Four findings across classical and transformer-based SER for South Asian Indo-Aryan languages:

  • C1. Modernised classical-ML baselines exceed the published Sindhi baseline by +1.70 pp UAR (SVM-RBF on IS10 features, UAR 0.5699).
  • C2. Cross-corpus transfer Urdu ↔ Sindhi fails catastrophically: best transfer UAR 0.2734 across 30 configurations — a 30.99 pp drop from the within-language ceiling, with feature-set ranking inverting under transfer.
  • C3. Multilingual encoder validation: wav2vec2-XLS-R-300M outperforms wav2vec2-base by +11.4 pp WF1 on English speaker-independent RAVDESS (0.659 → 0.773).
  • C4. First multi-seed (n=3) transformer cross-lingual SER study between Punjabi RASA and URDU-Latif, revealing three structural failure modes:
    • Punjabi within-language is leakage-saturated: WF1 0.994 [0.988, 0.998] only because RASA's publisher split admits speaker overlap.
    • Urdu within-language under show-independent eval falls below chance: pooled UAR 0.103 [0.075, 0.131] (n=88) — below the 0.25 chance baseline — corpus too small (~290 utterances) to learn show-invariant representations.
    • Urdu → Punjabi zero-shot transfer collapses to single-class prediction: pooled UAR 0.248 [0.225, 0.272] (n=2,886), robust across 3 seeds.
    • Only Pun → Urdu clears chance (pooled UAR 0.467 [0.187, 0.538], n=88) but with per-show variance too large for strong claims.
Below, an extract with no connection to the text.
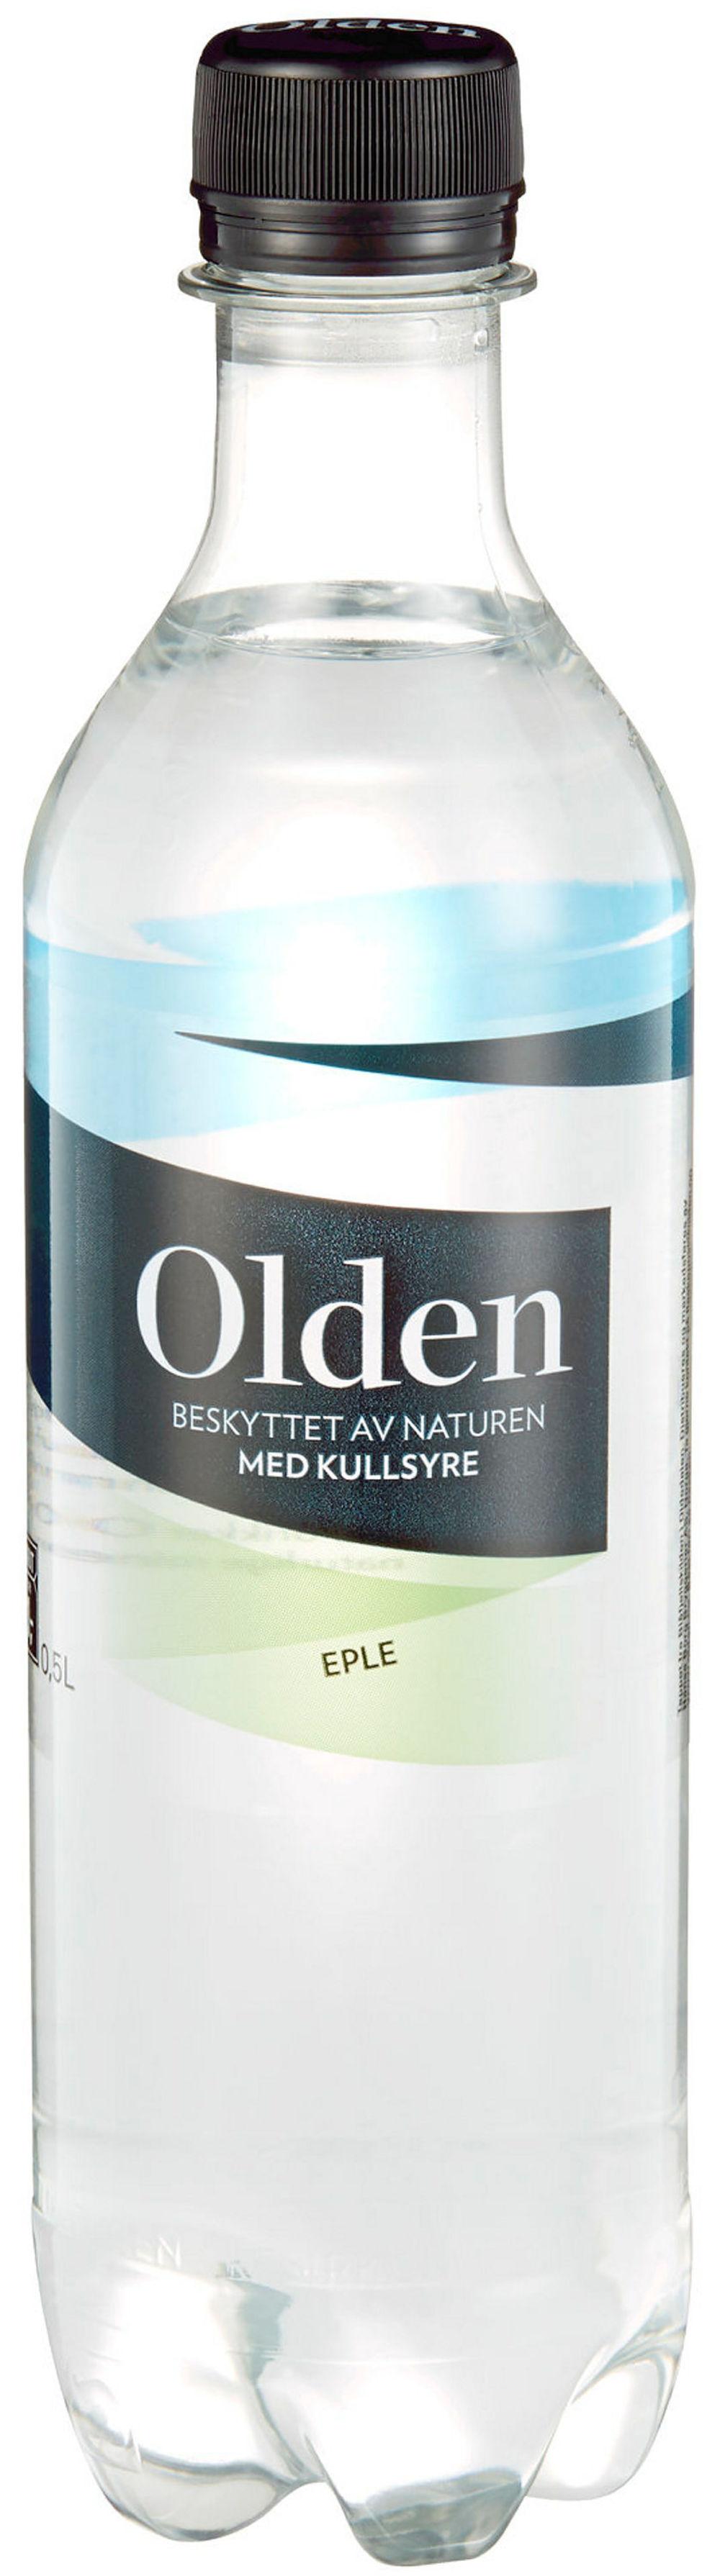 Olden Eple Med Kullsyre, 0,5 l

These failure modes are properties of the public Indo-Aryan SER corpora (too small, single-source recording provenance, missing speaker IDs), not of the XLS-R architecture — which achieves UAR 0.773 on English RAVDESS.

Artifacts in this release

  • paper_v2.pdf — the full v2 preprint (Abstract, Methods, 4 Findings, Discussion, Limitations, References)
  • aggregate.json — per-seed and pooled bootstrap CIs for all 4 conditions
  • summary.csv — flat machine-readable table of all numbers

Reproducibility

  • scripts/run_multiseed_cross_lingual.py — orchestrator (6 trainings + 12 evals)
  • scripts/eval_checkpoint.py — generalized within/cross-language evaluator
  • scripts/aggregate_multiseed.py — mean + 95% bootstrap CI + pooled-prediction CI
  • research/cross_lingual/multiseed_protocol.md — full methods documentation

What's next (v2.1, v3.0)

  • v2.1: speaker-disjoint Punjabi RASA re-evaluation (pending AI4Bharat speaker-ID release)
  • v3.0: Hindi (IITKGP-SEHSC) + multimodal Whisper-Punjabi text branch + larger seed pool

Cite

Citation metadata in CITATION.cff. DOIs (Concept + v2.0.0 version) populated by Zenodo on this release.